# Special Brownie Recipe?



## Budda_Luva (Feb 1, 2008)

anyone know a recipe for special browqnies i wanna make some... i mean ALOT


----------



## rezo (Feb 1, 2008)

you have to make butter first. heres the recipe

1lb of butter to 2 ounces of leaves
melt butter in pan or crockpot add leaves cook on low(that means the low setting very important not to burn it) for 12 hrs.

ive done this too many times to count and seen many people fukt up.
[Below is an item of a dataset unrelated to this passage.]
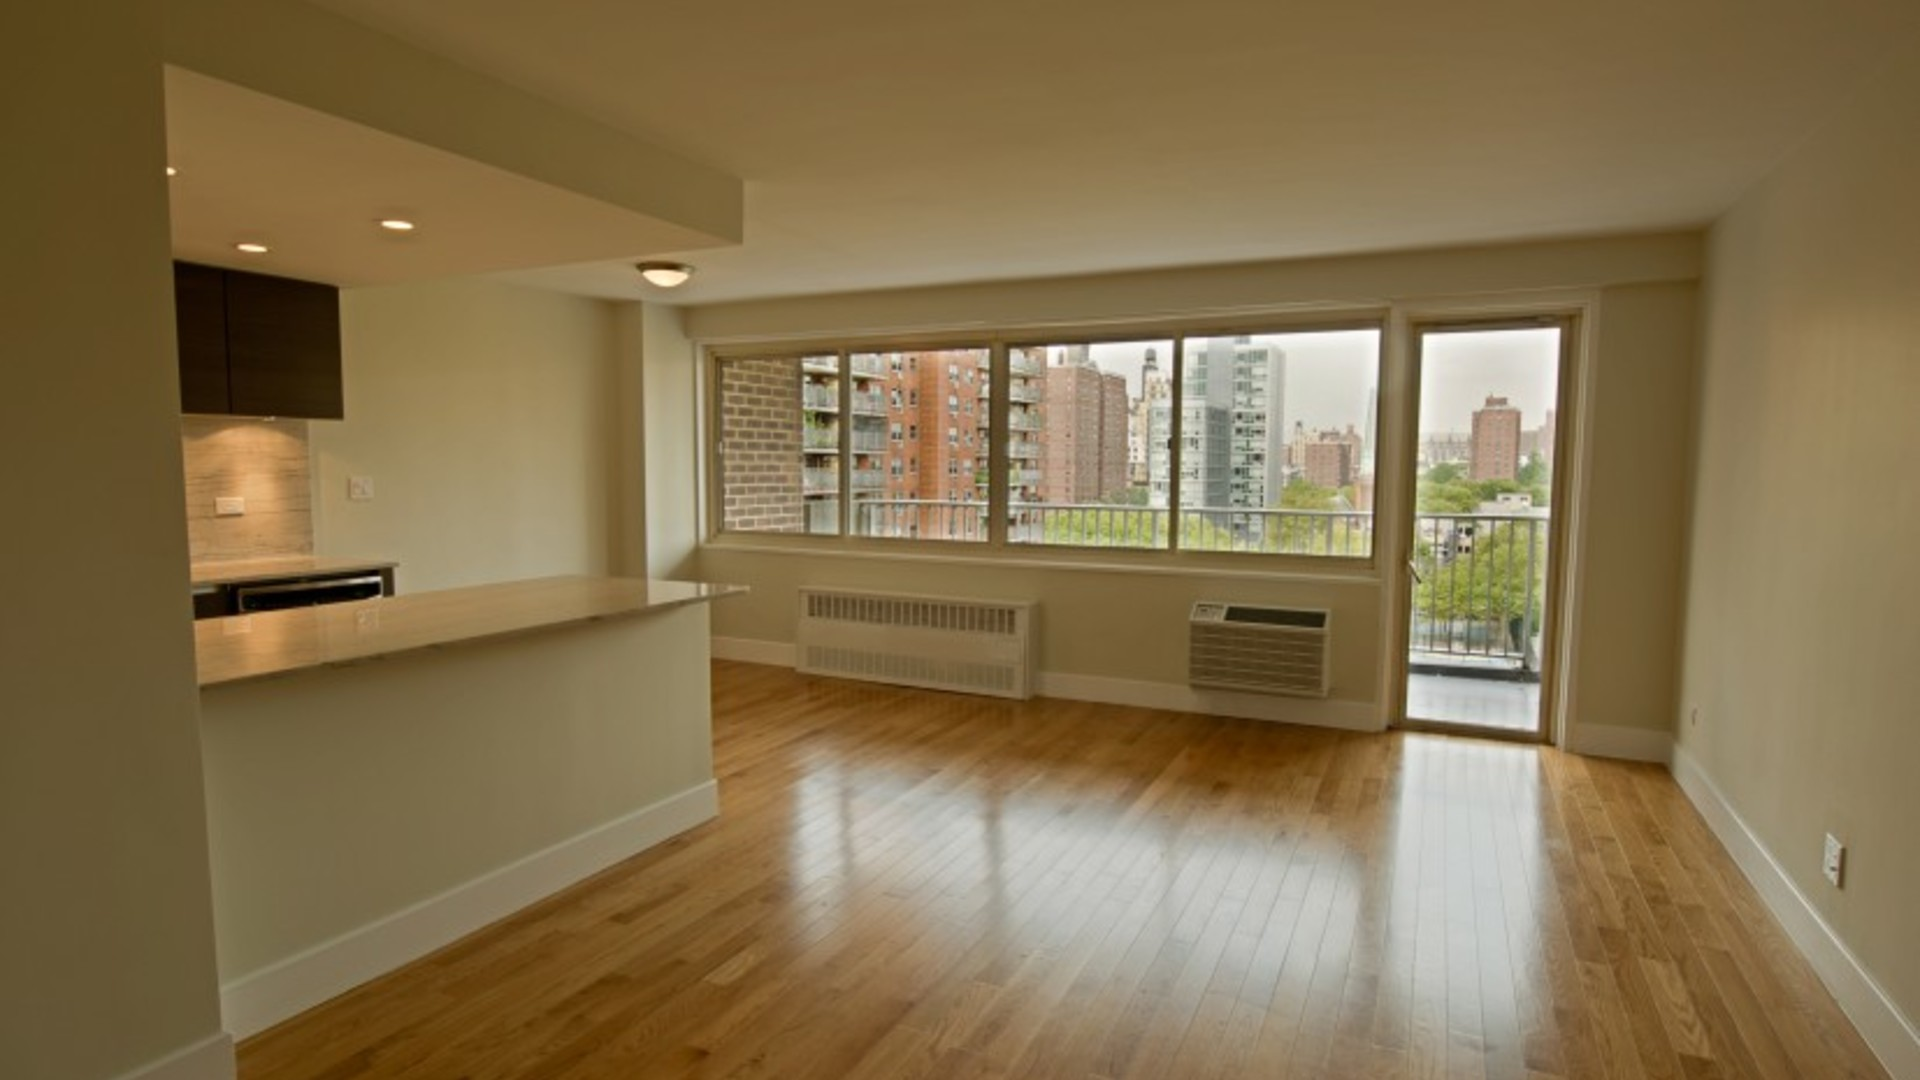 A 3300 Apartment In Upper West Side Manhattan Nooklyn

i use betty crocker triple chunk brownie mix and sub melted weed butter for the oil


----------



## Budda_Luva (Feb 1, 2008)

is that cannabutter and i cant juss drop some bud in the chocolate and bake it?


----------



## Johnnyorganic (Feb 1, 2008)

n00b_marijuana_grower said:


> is that cannabutter and i cant juss drop some bud in the chocolate and bake it?


Cook the bud into the oil/margarine/butter on medium low for about 15 minutes. Strain the green stuff out and follow the recipe as you normally would. I've used as little as an 1/8 oz. and gotten seriously effed up. You can leave the bud in if you don't mind green stuff in your brownies, but you should cook it into the oil before mixing it in the recipe..


----------



## rezo (Feb 1, 2008)

ya i forgot you have to strain ithe butter to get the leaf out


----------